[Featured Creator] 👀 Meet Ryan, a photographer and videographer who transformed his passion into profit.
Ryan has directed and shot multiple music and dance videos, and is also known for his beautiful concert and portrait photography.
|Cornell Creatives||Sep 27, 2020||3|
The creative journey of Ryan Yee ‘22 began unexpectedly, when he was just a sophomore in high school keen to get his hands on a nice DSLR camera. Ryan recalls agreeing to shoot for an alumni event at school, without any prior experience in photography or knowledge of how to use a high-end camera. Driven by a passion he was not yet aware of, Ryan looked up how to use the camera moments before the event began and delved into a world of storytelling through photography.
Now a Junior studying Communication in CALS, Ryan has been recording and editing videos alongside his photography - a side project that he is very proud of. He has explored dance, music, and commercial videos, along with concert, fashion, and portrait photography in both Ithaca and the San Francisco Bay Area, his hometown.
Whether they portray an abandoned warehouse, the Golden Gates Bridge, or the snowy Arts Quad, Ryan’s photographs are beautiful and personal. They tell the story of the day he met up with a friend at Cornell’s Botanic Gardens to connect over the beauty of Ithaca summers. They tell the story of the Daya concert that you may have missed this past fall, but that Ryan was able to capture for you.
Ryan is bound to continue impressing the Cornell community with not only his portfolio, but his continually inspiring and evolving journey.
📸 Ryan’s Photography + Videography
Q: What’s the first thing you want someone to notice about your photography?
I’d like people to notice a feeling of warmth. When people look at my photos, I want them to be able to imagine themselves in my shoes and be happy that it was even a moment that took place. I also color grade my photos to skew warmer tones in order to emphasize this feeling. One of the reasons I love photography so much, especially in this day and age, is because it's very easy to disseminate. That allows a single photo to make a big impact and ideally, I’d like that impact to brighten up someone’s day.
Q: What’s the process behind concert photography, and how is it different from other subject matter?
For concert photography, the thing I keep in mind is that any moment can be a really special moment. It can happen in a couple of seconds, and if you're not there to catch it, you've missed it forever.

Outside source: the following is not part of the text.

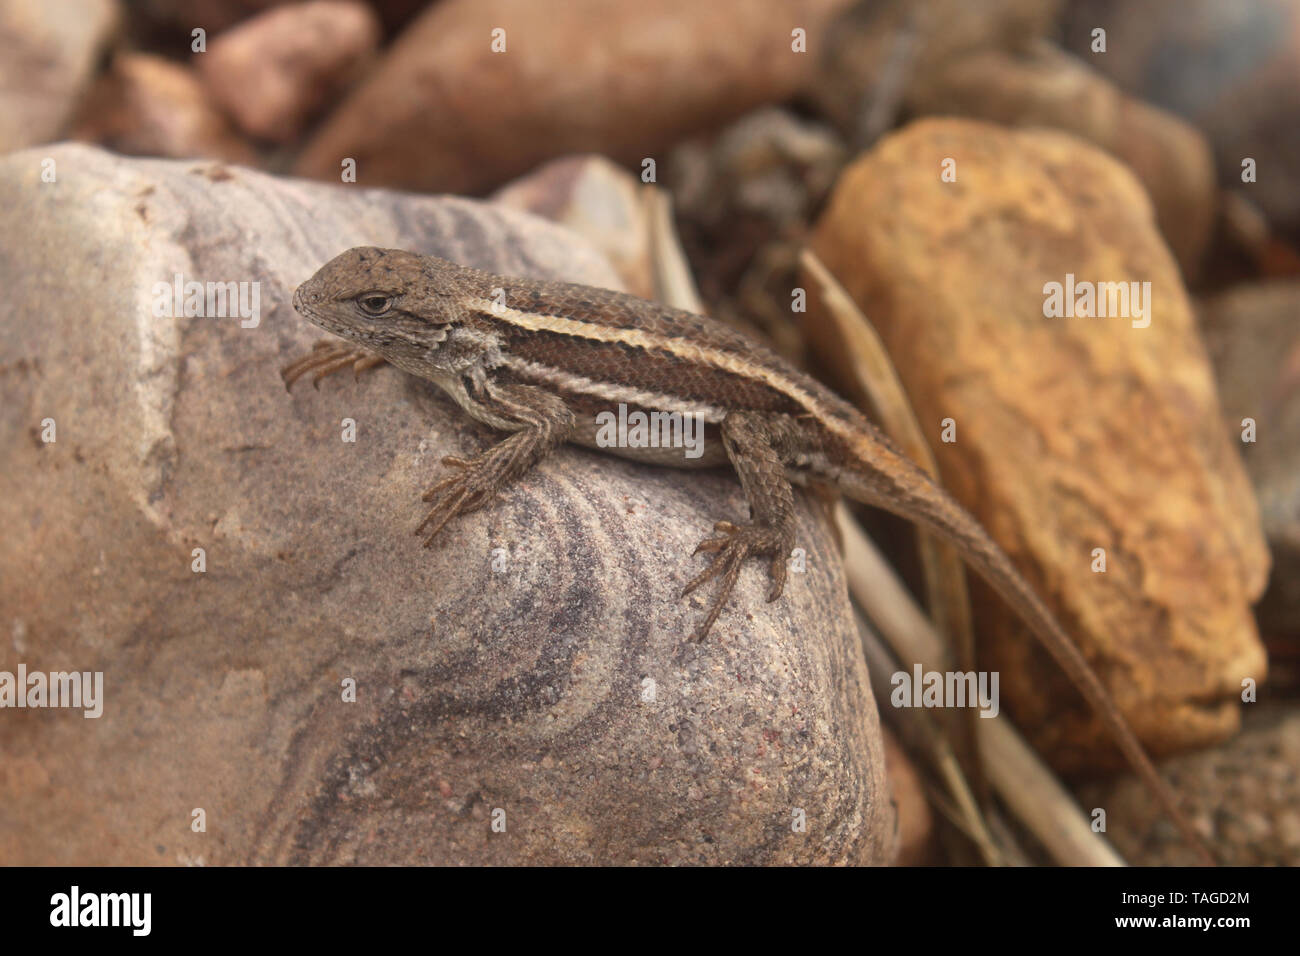 Striped Plateau Fence Lizard (Sceloporus virgatus) Stock Photo

I make it a priority to try and stay by the artist’s side at every second possible. Whether it's interacting in the green room with family and friends who have come to see them perform, or fans that come in for a meet and greet, or the artist in their own mental zone prepping for the show.
Q: Where do you find creative inspiration?

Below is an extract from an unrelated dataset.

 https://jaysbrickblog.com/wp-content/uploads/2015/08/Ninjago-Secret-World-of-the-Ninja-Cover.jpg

A lot of it comes from the people around me. I think that I’m naturally drawn to very creative people, so it feeds into itself. Aside from the people, music is a huge source of inspiration and is a part of my creative process; I love to listen to music when editing. I'm also a dancer, and music and dance go hand in hand. The art form is literally turning music into motion, and that's definitely the medium that I'm most connected to and draw inspiration from.
💡 Creative Journey
Q: How have you incorporated photography and videography into your time at Cornell?
When I first got to Cornell, I really wanted to do what I was doing with photography back at home, which was shooting portraits of my friends. However, my priorities shifted, and frankly I realized it would be nice to have some extra cash.
I am now doing a lot of videography and photography jobs when they come up at Cornell. Student clubs, organizations, events, and shows are willing to pay a premium to have someone take over the entire production. While at times it does start to feel like a job more than a hobby, it's also something that I still enjoy doing. There are also events on campus that I shoot purely for fun. The annual concerts put on by Cornell Concert Commission and Multicultural Concert Funding Advisory Board (MCFAB) are some of my favorites.
Q: How has your photography influenced your life?
Photography has influenced my life by allowing me to meet really amazing people that I don't think I would have otherwise been able to meet. I've realized that photography is a great way for me to network and build meaningful relationships. I love that it gives me the opportunity to candidly see someone in a very organic state, and then have a conversation with them at the same time. A lot of people aren't comfortable in front of a camera, and that vulnerability leads to deep conversations that I always gain friendship and knowledge from.
💭 Overcoming Creative Challenges
Q: What is the biggest creative challenge that you’re working to overcome?
Given the global backdrop, it's been challenging to stay creative. I've been talking with a lot of artist friends, and they’ve all been roughly in the same boat of encountering some artist's block.
However, the priority has shifted to activism. The past few months have been very emotionally draining and I've been struggling to figure out how I can use my art to help with political and social activism. It’s about finding that balance. How do I create a piece that someone will want to share that also spreads awareness? As an Asian American, there's also been a lot of discussion about this within the community, talking about how we fit into the whole conversation. I personally don't feel confident enough to take that leap with my art quite yet, but that’s no excuse to stay quiet.
Q: How does videography pose different challenges than photography?
Personally, videography is much more challenging than photography. Part of it is because I'm a perfectionist. Any time a photo is a little bit off, it's really easy to throw it in Photoshop or Lightroom and touch up the mistakes. But for video, each frame is fundamentally a photo, and there are hundreds of thousands if not millions of frames in a single video. And so if a frame is off, or a small section of the camera’s movement doesn't look right, the whole clip might be off. As a result, I think it becomes a relatively meticulous process. At the same time, I praise videographers who have an eye for natural inconsistencies that make their video authentic. That’s unteachable.
Q: To all the aspiring student creatives reading this, do you have any advice or tips to share?
I would say the best piece of advice that I got is “fake it till you make it.” Sometimes you have to put on a face to convince people that you're up for the job, but at the same time you have to convince yourself that you are capable. I have found that being confident in myself has allowed me to seek and take opportunities that I would have never imagined myself experiencing. Be confident, take initiative, and be willing to learn, because most of the time, other people don't know what they're doing either.